Judicialis Rechtsprechung

Mit der integrierten Volltextsuche, die vom Suchmaschinenhersteller "Google" zur Verfügung gestellt wird, lassen sich alle Entscheidungen durchsuchen. Dabei können Sie Sonderzeichen und spezielle Wörter verwenden, um genauere Suchergebnisse zu erhalten:

Zurück

Beginn der Entscheidung

Gericht: Bundesgerichtshof
Urteil verkündet am 11.05.2006
Aktenzeichen: VII ZR 300/04
Rechtsgebiete: BGB


Vorschriften:

BGB § 638
Die unter der Überschrift "Gewährleistungs- und Haftungsdauer" stehende Klausel 6.2 der Allgemeinen Vertragsbestimmungen zum Einheitsarchitektenvertrag für Gebäude (AVA)

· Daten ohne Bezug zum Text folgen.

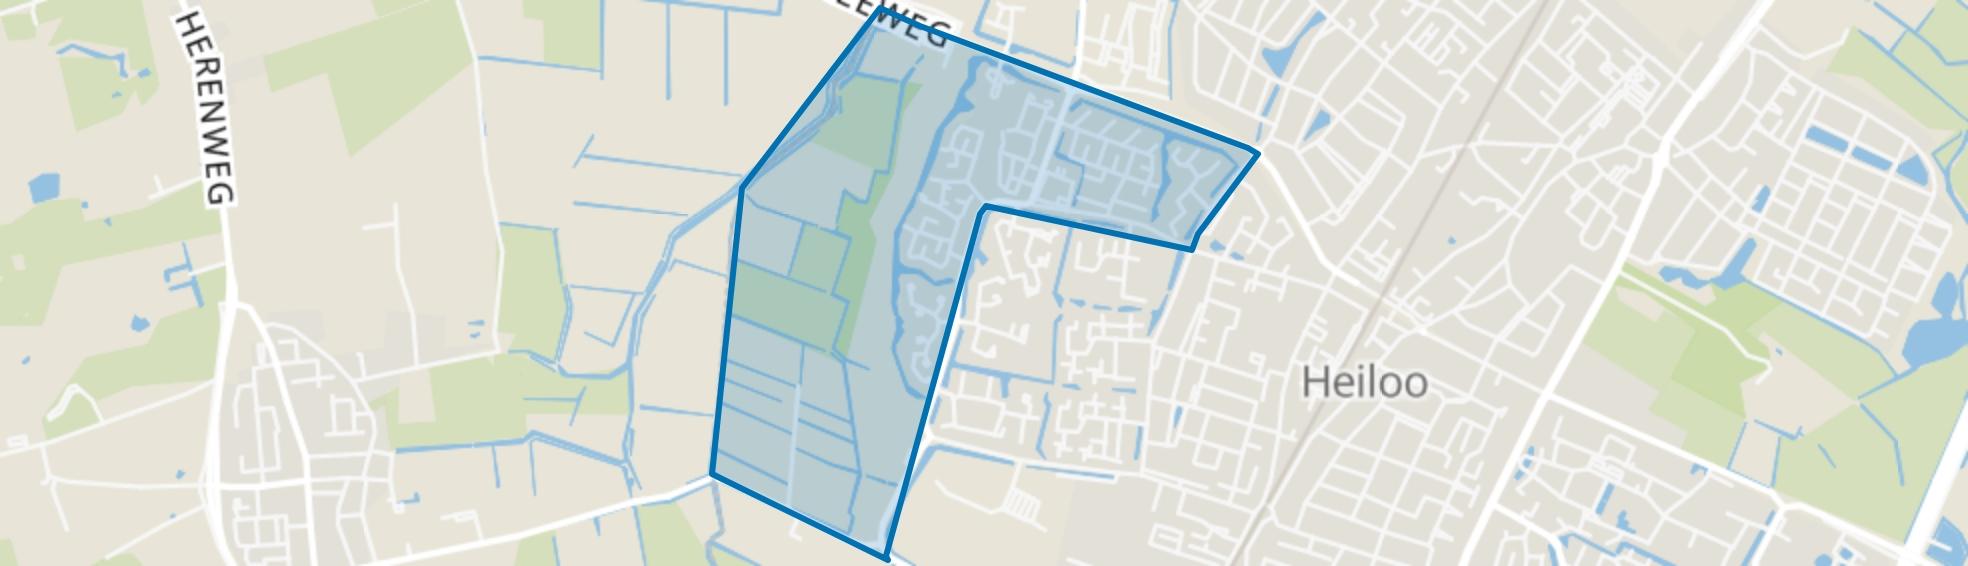 Zuiderneg, Heiloo map

"Die Verjährung beginnt mit der Abnahme der letzten nach diesem Vertrag zu bringenden Leistung, spätestens mit Abnahme der in Leistungsphase 8 (Objektüberwachung) zu erbringenden Leistung (Teilabnahme). Für Leistungen, die danach noch zu erbringen sind, beginnt die Verjährung mit Abnahme der letzten Leistung."

enthält keine Vereinbarung über eine Teilabnahme.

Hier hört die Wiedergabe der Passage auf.